Den tüchtigen, treuen und aufopfernden Sanitätsdienstgraden der Waffen-SS widmet Dr. Pichler sein Buch. Sie bargen – oft unter Feindfeuer – verwundete Kameraden aus dem Vorfeld, ihr Blutzoll war entsprechend hoch. Ein spannender Tatsachenbericht.
Über die 4. SS-Polizei-Grenadier-Division gibt es fast keine Literatur, außer noch die Divisionsgeschichte "Die guten Glaubens waren".
Inhalt:
- Eid des Hippokrates
- Ausbildung und Rekrutenzeit (u.a. Dachau)
- Prag, Rusin und Goslar
- Zur 1. Sa.Kompanie der 4. SS-Polizei-Grenadier-Division
- Kavalleristen
- Frankreich
- Warum flog Rudolf Hess nach England?
- Rußlandfeldzug der 4. SS-Polizei-Grenadier-Division (Sommer 1941)

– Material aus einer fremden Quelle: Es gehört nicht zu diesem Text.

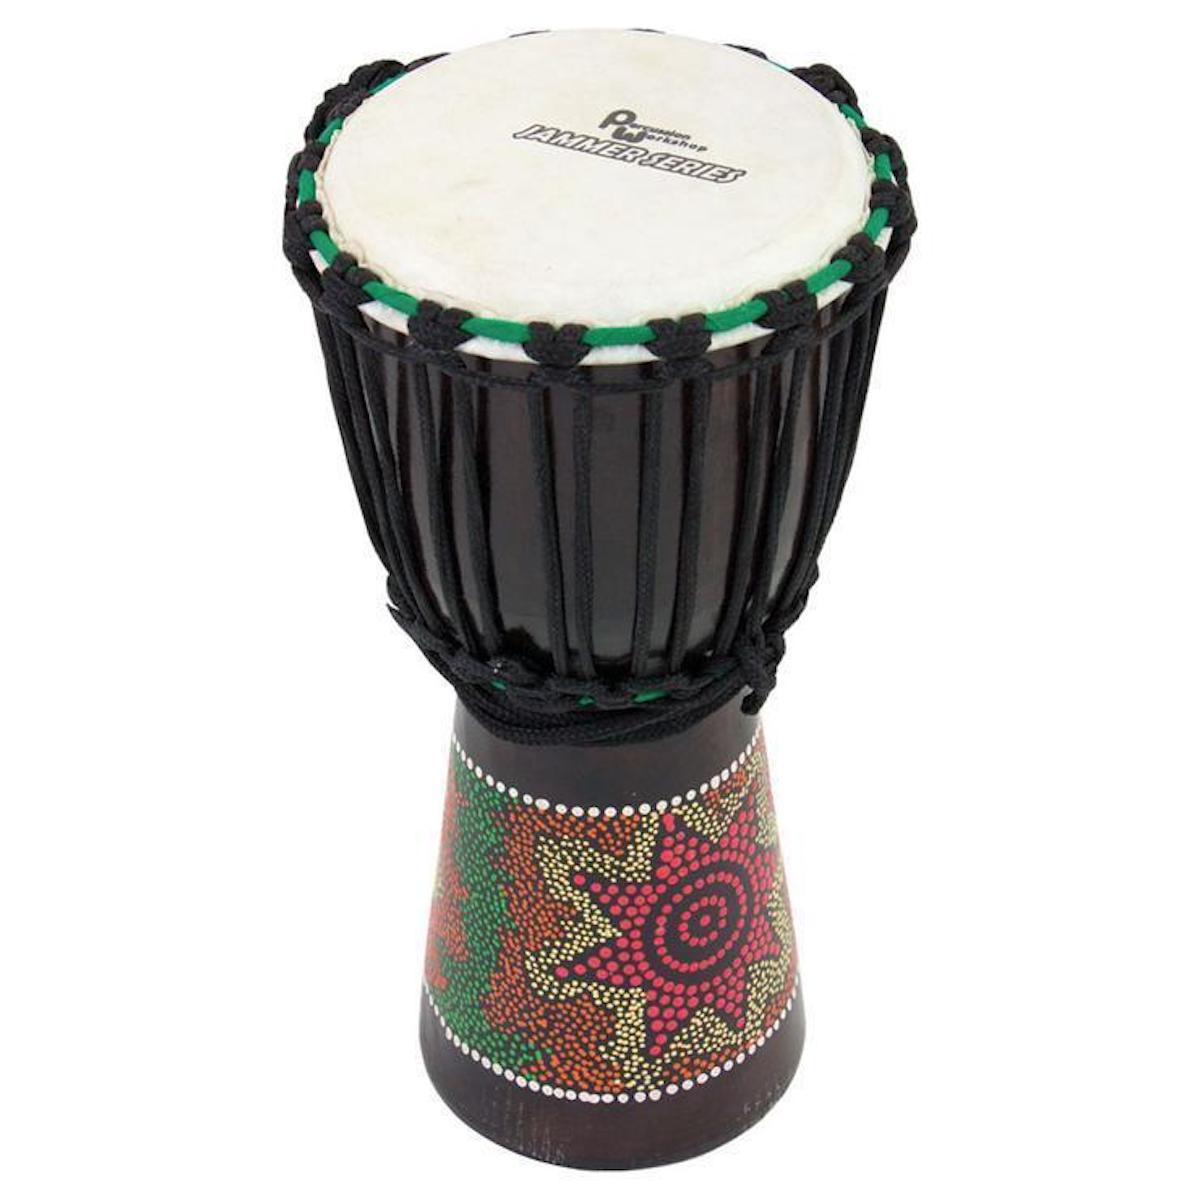 Percussion Workshop Jammer Djembe, 8" Head (various designs)

- Verloren in Rußlands Weiten (Luga, Lugi-Sümpfe, Ssussanino, Puschkin, Nowgorod, Ilmensee))
- Minenräumkommando
- Unser Pan (Front von Leningrad)
- Ein kluger Kopf spart Blut!
- Bei der Artillerie vor Leningrad (mit der 5. Gebirgsdivision)
- Wolchow und Ladogasee
- Unser verlorener Haufen (V.H.), der Bewährungseinheit der Division
- Verlegung ins Protektorat (heute Tschechei)
- Standortarzt in Griechenland
- Unsere Kameraden, die Kosaken
- Der Volksmord an den Kroaten
- Die griechischen Popen
- Vergasung mit Zyklon B
- Partisaneneinsätze
- Kämpfe im Banat und in Ungarn
- Im Kessel von Gotenhafen - Der letzte Akkord
- Im Norden Deutschlands
- Verwundet beim Gegner
- Auch in der Heimat hinter Stacheldraht (u.a. Munsterlager)
- Langsamer Aufstieg
Rezension:
Pichler führte im Krieg ein Tagebuch, das er regelmäßig nach Hause schickte und so blieben seine Aufzeichnungen erhalten.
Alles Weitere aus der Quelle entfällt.